Были нормальными до того, как умерли.
На следующий день я задал вопрос учителю труда. Он отряхнул стружку со своего кожаного передника и сказал: «Карельская береза? Самый замечательный материал для столярных поделок в нашей стране. По происхождению это поврежденные деревья. Узор образуется, когда дерево само себя врачует».
Это его выражение, он так и сказал: врачует.
Я раньше никогда не слышал, чтобы учитель труда так говорил. Как правило, он распространялся только о том, как важно экономить материал, и о том, что нужно учиться точнее снимать мерки. А тут он юркнул в чуланчик и вернулся оттуда с маленькой дверцей от шкафчика, которая отливала золотистым светом. Узор на ней петлял, образуя игру теней и черных граней на фоне отсвечивающей янтарной желтизной древесины.
– Видишь, вот здесь; это шрам, – сказал учитель. – Дереву приходится заключить полученное повреждение в оболочку и расти дальше. Годовые кольца находят для себя обходные пути. Тянутся через рану. Какой образуется узор, предсказать невозможно. Только распилив дерево, можно увидеть, что получилось.
Мне хорошо давалась столярка – я умел и детали соединять так, что стыков не отыщешь, и вручную вырезать маленькие фигурки.
– Умение столярничать передается от поколения к поколению, – сказал трудовик задумчиво, и я почувствовал, как что-то меня зацепило, какая-то связующая ниточка, тянущаяся далеко за пределы Хирифьелля.

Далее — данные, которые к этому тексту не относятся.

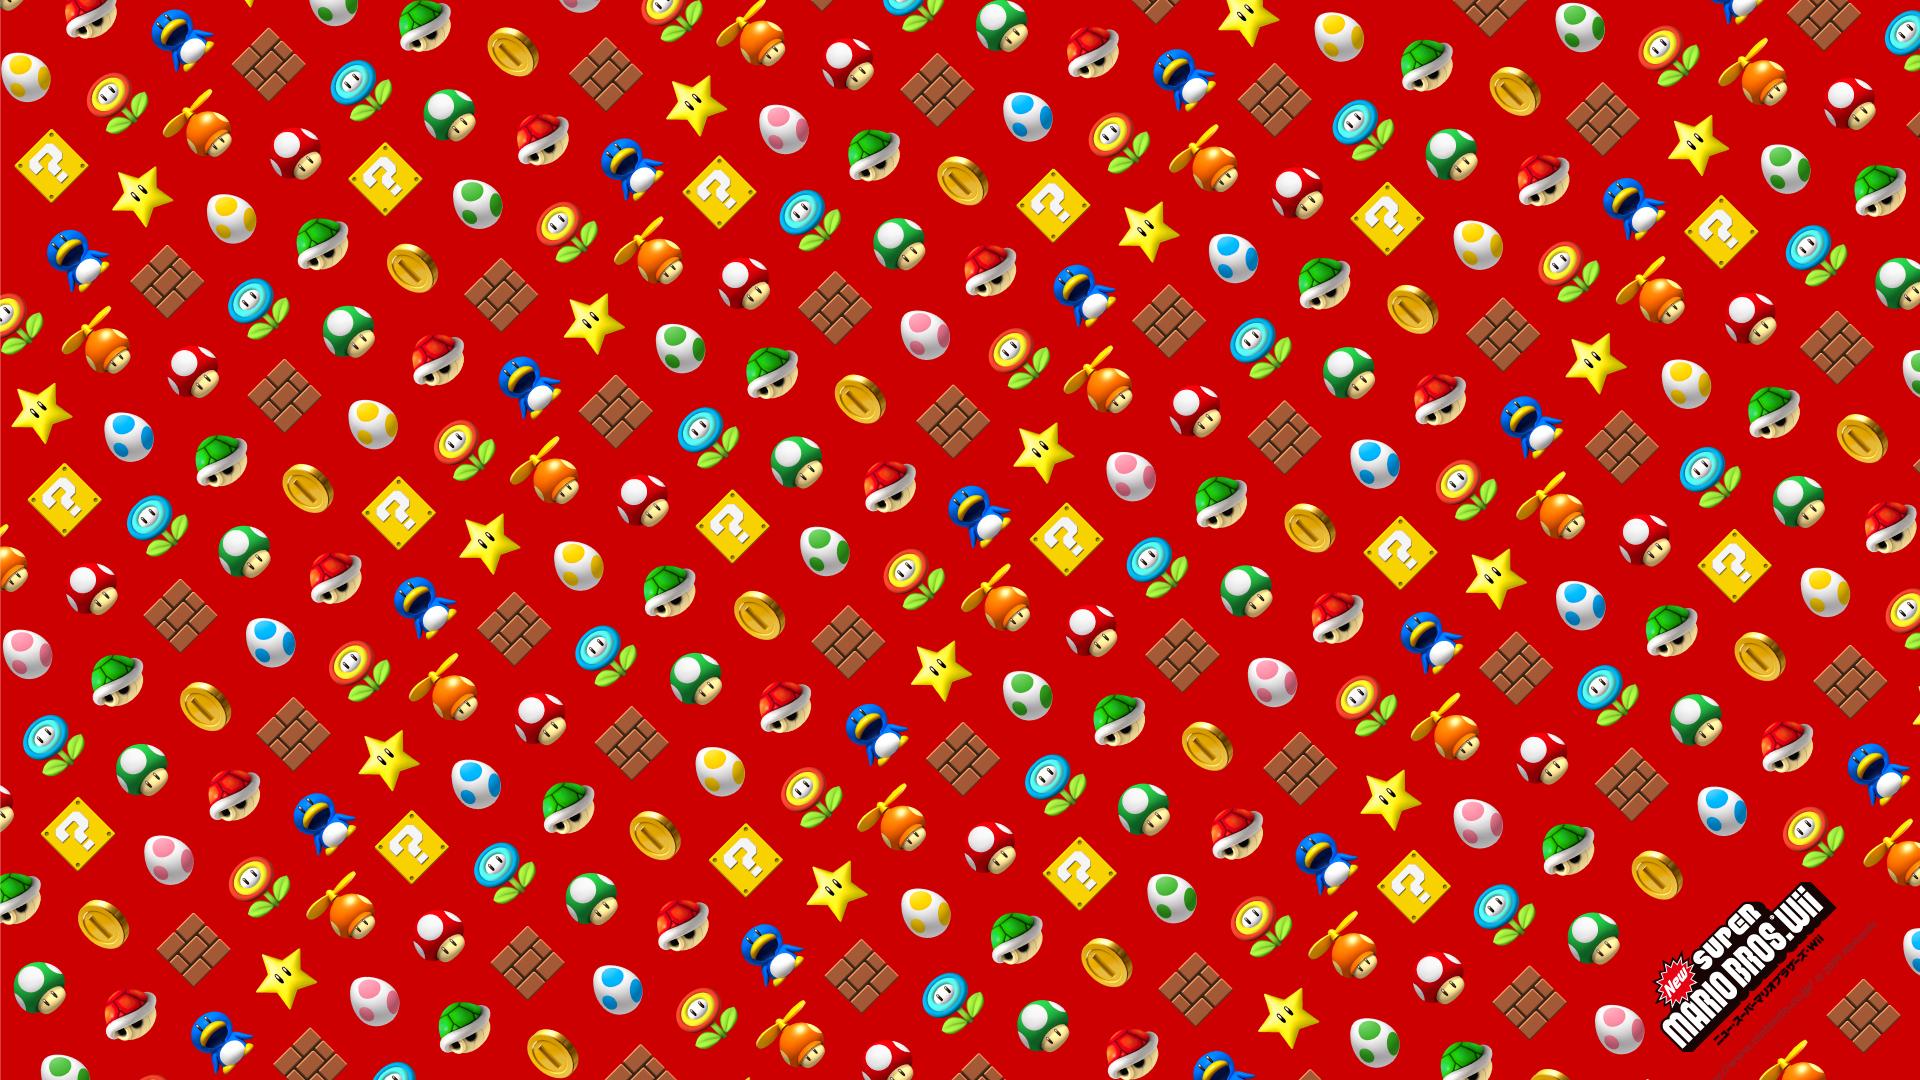 Free Download Mario Images New Super Mario Bros Wii Items

Я потом частенько наведывался в лес, но никогда не рассказывал, что хожу туда. Сидел там, смотрел на Эйнаровы деревья в невольничьих оковах. Это место стало моим и Эйнара, и, когда я ссорился с дедушкой, я представлял себе его брата. Что он появляется из березового леса и вступается за меня. Я сидел там и наблюдал за птицами, слушал, как шелестят деревья. Придумывал объяснения тому, что случилось во Франции. Представлял, что мать с отцом все еще живут где-то там. Как будто меня подменили другим малышом, а меня привезли сюда. Как будто я заразился опасной болезнью, такой, что у мамы с отцом не было душевных сил ждать, как она расцветет пышным цветом.

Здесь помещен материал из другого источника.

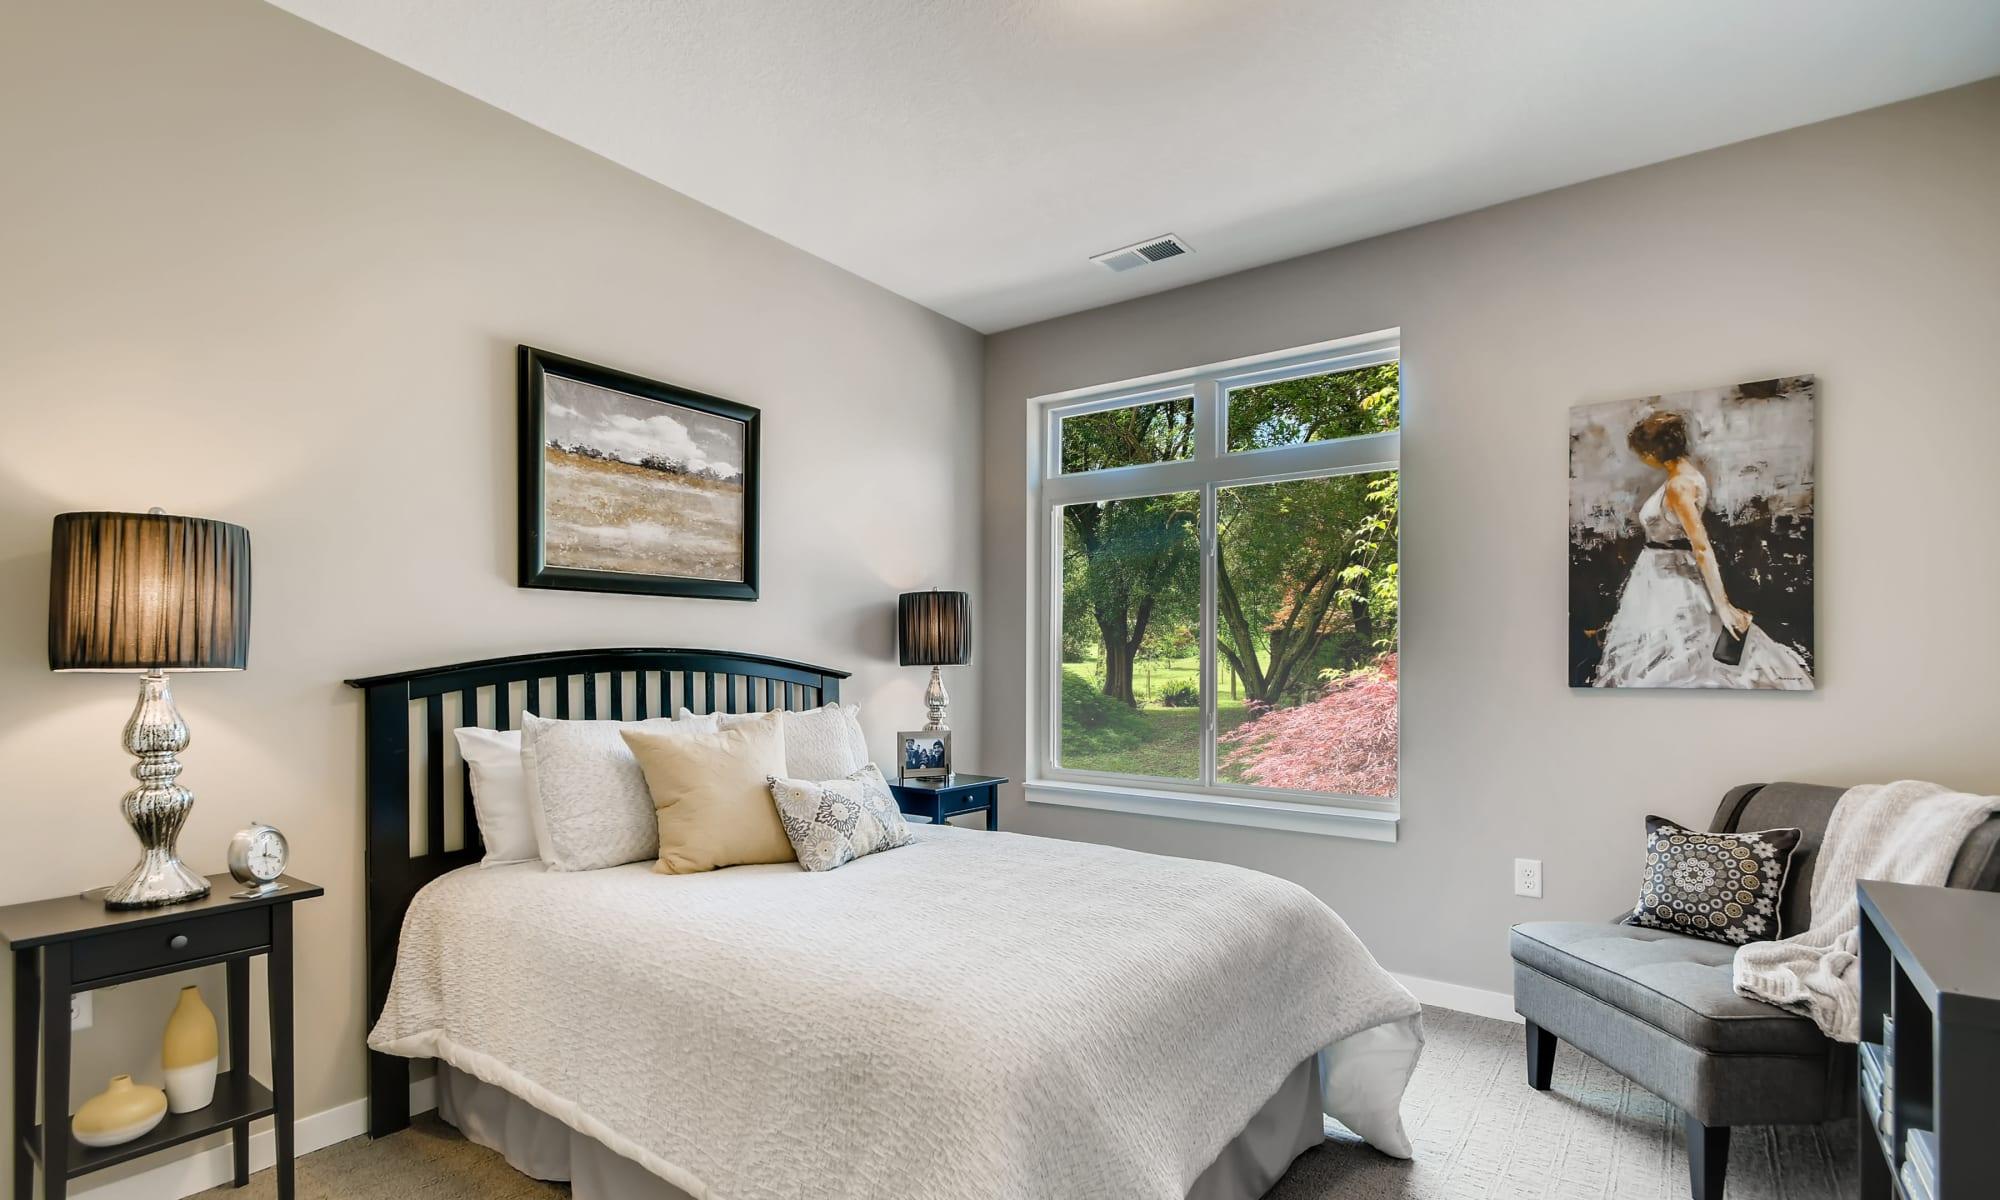 Bedroom at Broadwell Senior Living

Позже я одну за другой умертвил все собственные небылицы. В последующие годы треск раздавался все реже – основная часть обручей лопнули под напором деревьев, – и постепенно все мои наваждения исчезли.
Дедушка сторонился лесной делянки. Было бы естественным, если бы он рубил лес на дрова, прореживал лес, следил за ним, но он никогда не приближался к нему и давал понять, что ему неприятна мысль о том, чтобы я собрался туда с пилой.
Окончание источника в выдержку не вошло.